I've just been reading some stuff on the "Methusalah" system PSR B1620-26 (or something like that) in M4, the 13 billion year old planet.
This got me thinking about pulsar beams.
1. What kind of radiation do pulsar beams emit? Is it all radio waves or is there other stuff e.g. subatomic particles, visible light etc.
2. How is the beam created?
3. Could a gas giant's magnetic field stop the pulsar beam reaching the planet's atmosphere or would you get really funky aurorae all over the place? Oh, and what colour would the aurorae be in an atmosphere of hydrogen/helium and not much else (old planet = low metallicity, right?)
Questions about Pulsars
1. What kind of radiation do pulsar beams emit?
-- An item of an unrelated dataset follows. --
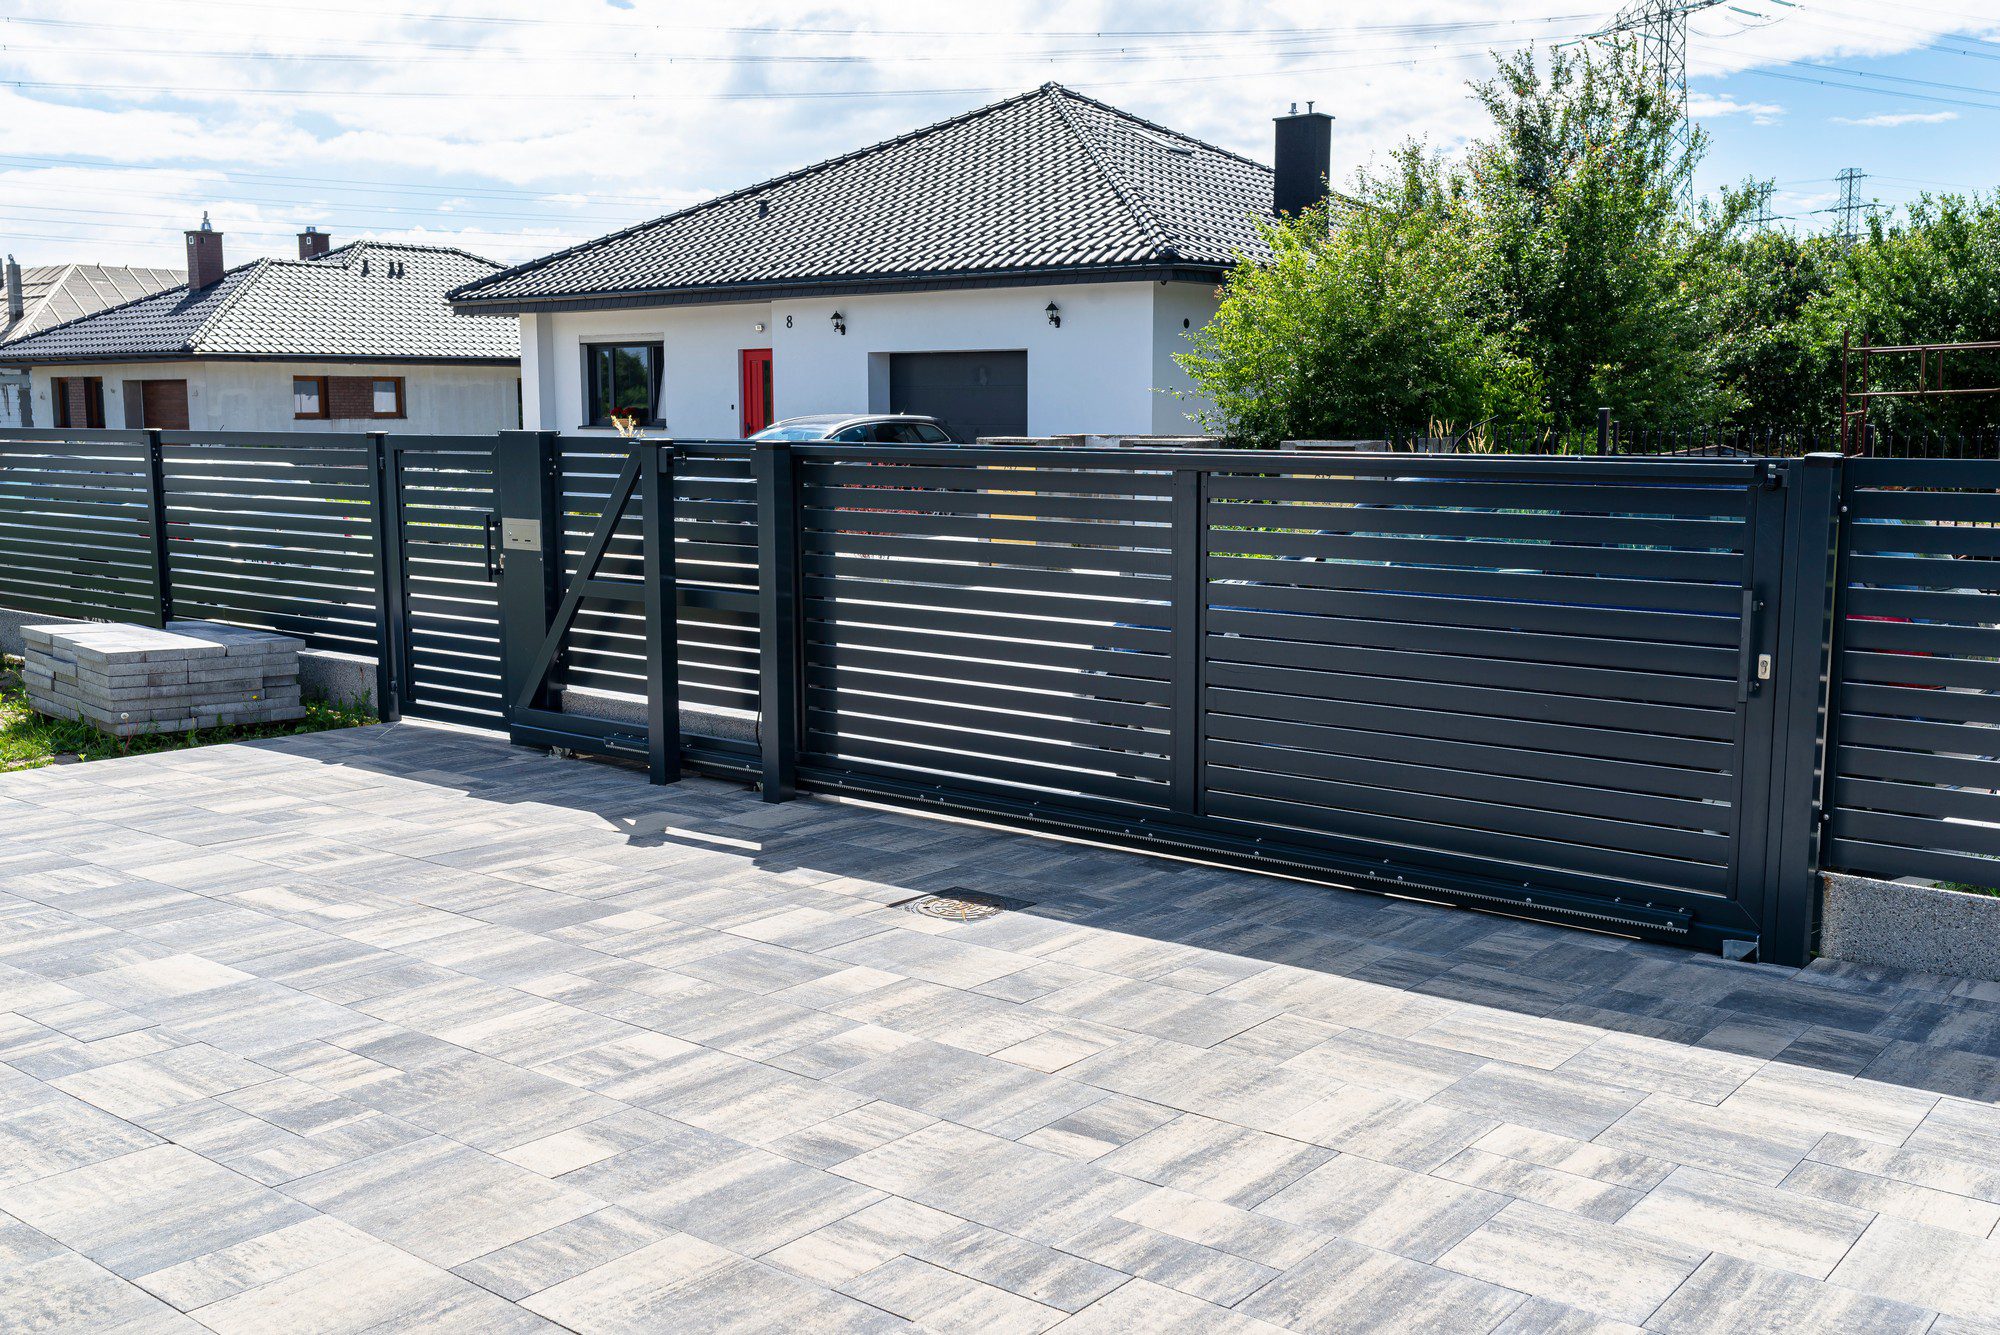 This image shows a modern residential setting featuring a stylish black metal fence with horizontal slats, providing privacy while also allowing some light and air through. There is a gate integrated into the fence, and it appears to be a sliding type given the track on the ground. The pavement in the foreground is made of rectangular paving stones laid in a repeating pattern. In the background, we can see the facade of a single-story house with a red door and dark tiled roof, which complements the contemporary aesthetic of the fence. There are also some green bushes and a clear blue sky, suggesting a pleasant, suburban environment.
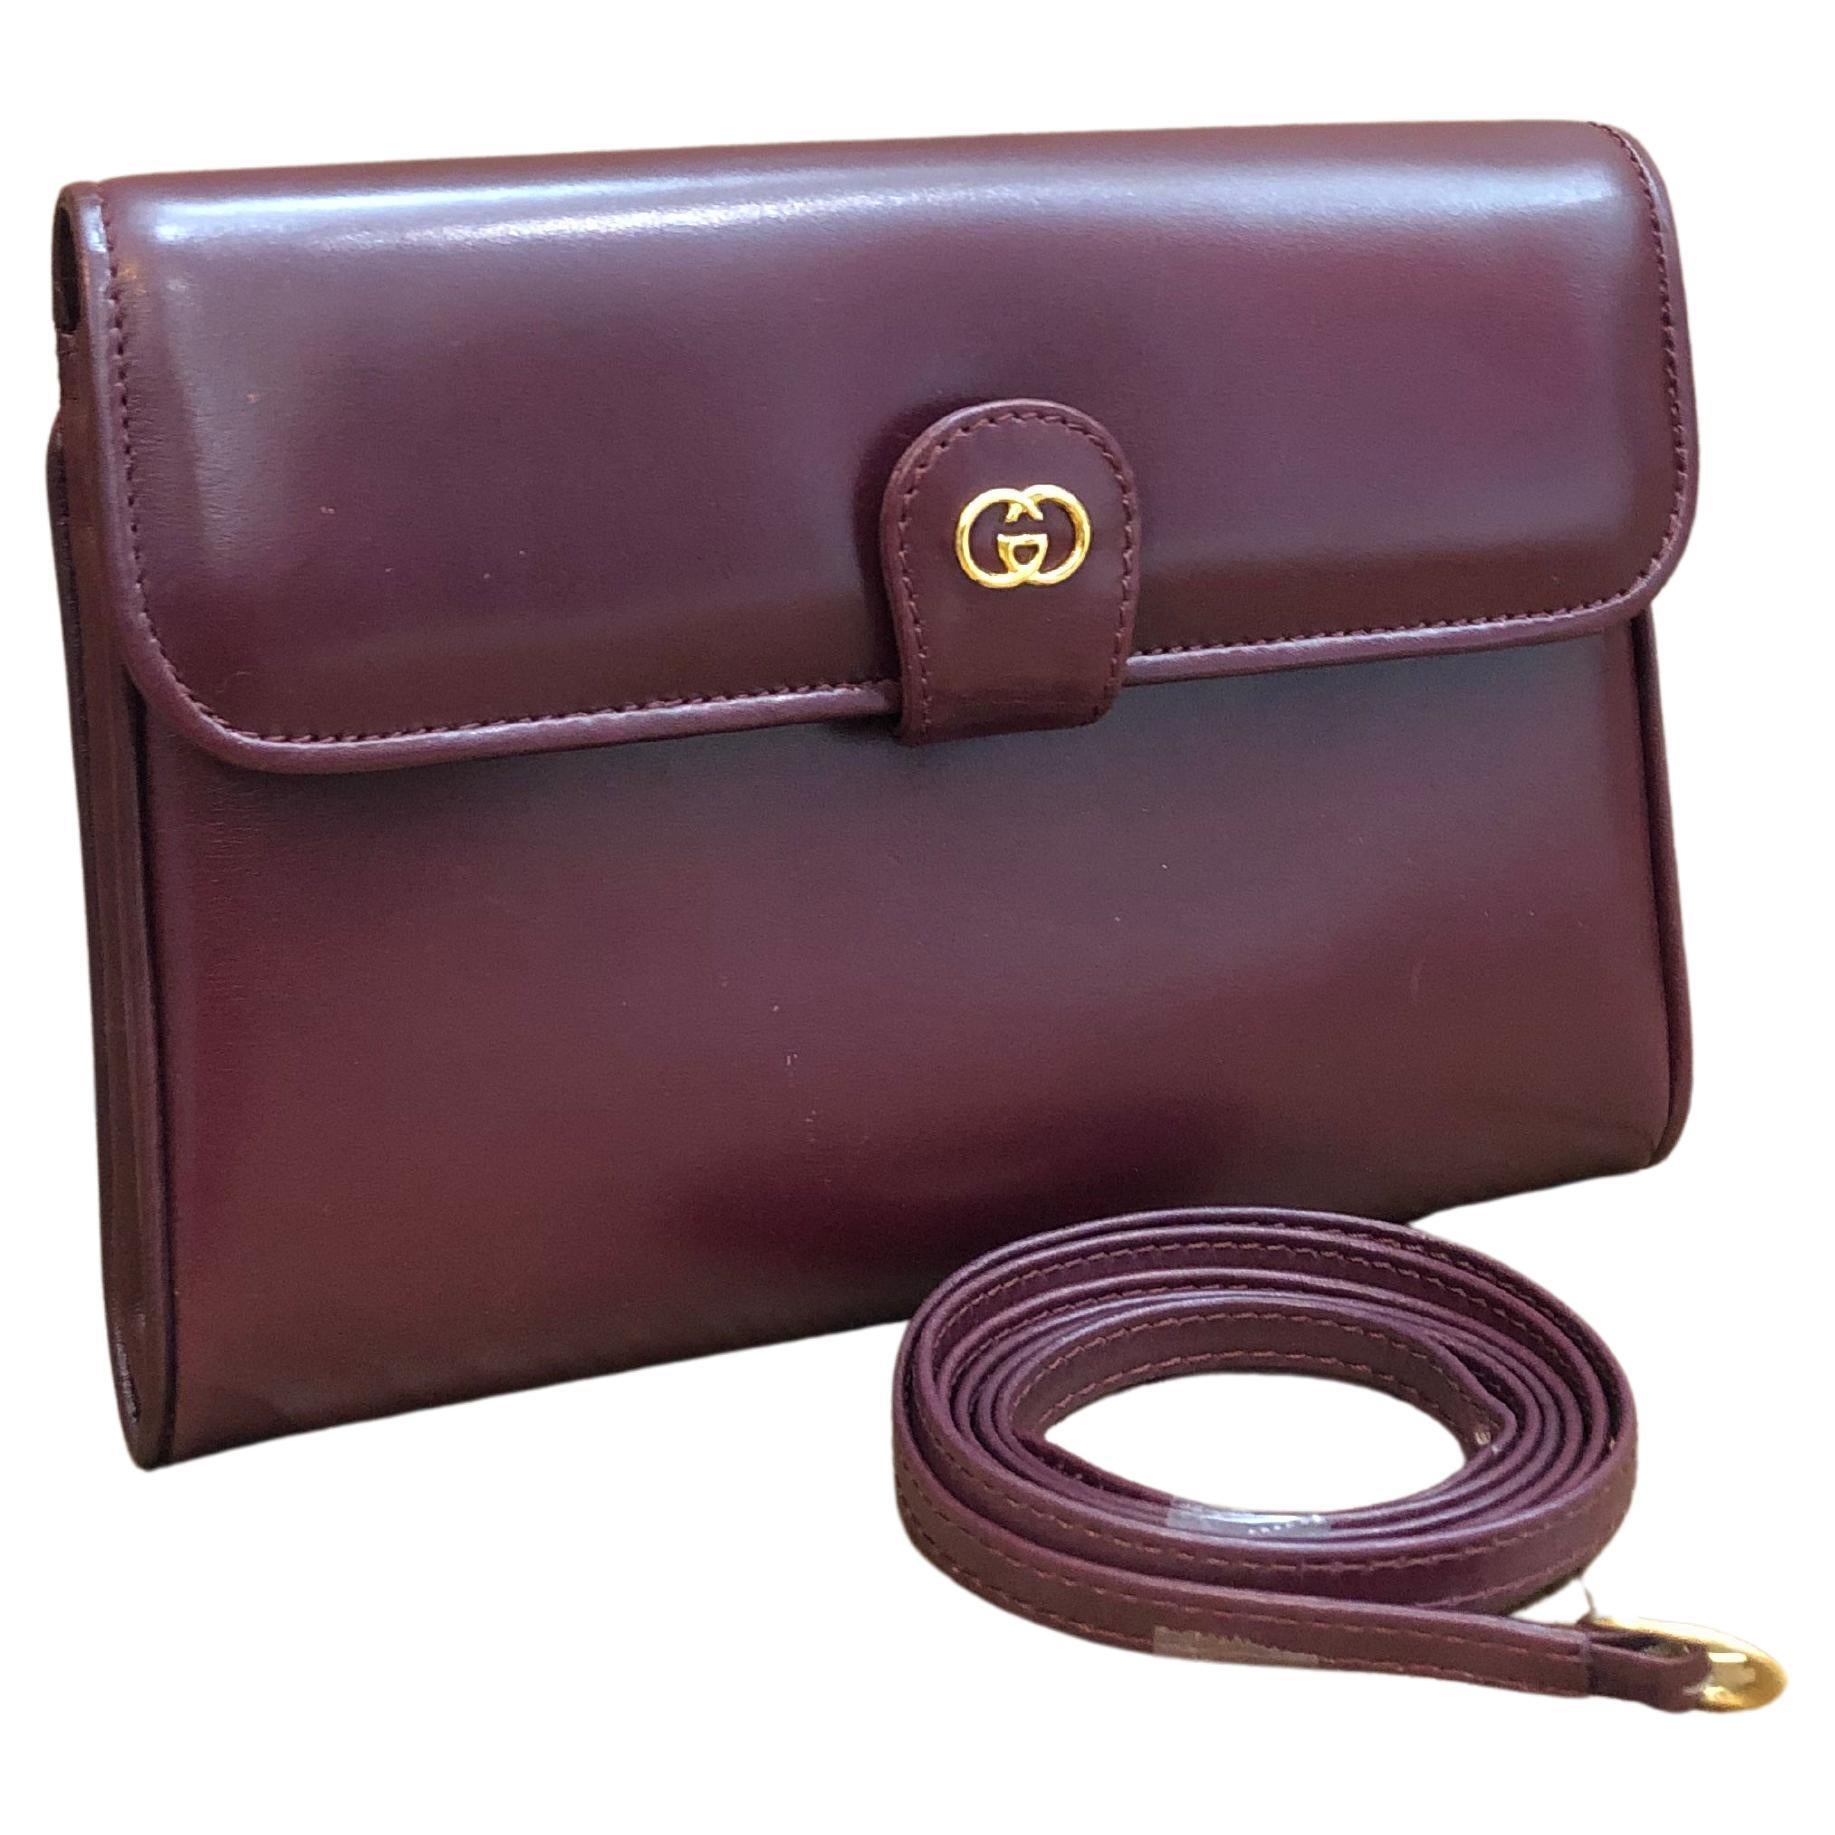 1980s Vintage GUCCI Leather Two-Way Clutch Crossbody Bag Burgundy

Is it all radio waves or is there other stuff e.g. subatomic particles, visible light etc.
AFAIK pretty much everything, but what we see is mostly radio waves. Only a few neutron stars have been imaged in visible light, but Crab Pulsar have been seen blinking in visible light.
2. How is the beam created?
In it's powerful magnetic field (cyclotron radiation?).
3. Could a gas giant's magnetic field stop the pulsar beam reaching the planet's atmosphere or would you get really funky aurorae all over the place?
Beam probably has to be well aimed if it hits the planet, and if it does any planetary magnetic field can't hold. Immense radiation from pulsar can rip whole stars apart (e.g. the Black Widow Pulsar).
Oh, and what colour would the aurorae be in an atmosphere of hydrogen/helium and not much else (old planet = low metallicity, right?)
Good question. What color are aurorae in Jupiter or Saturn?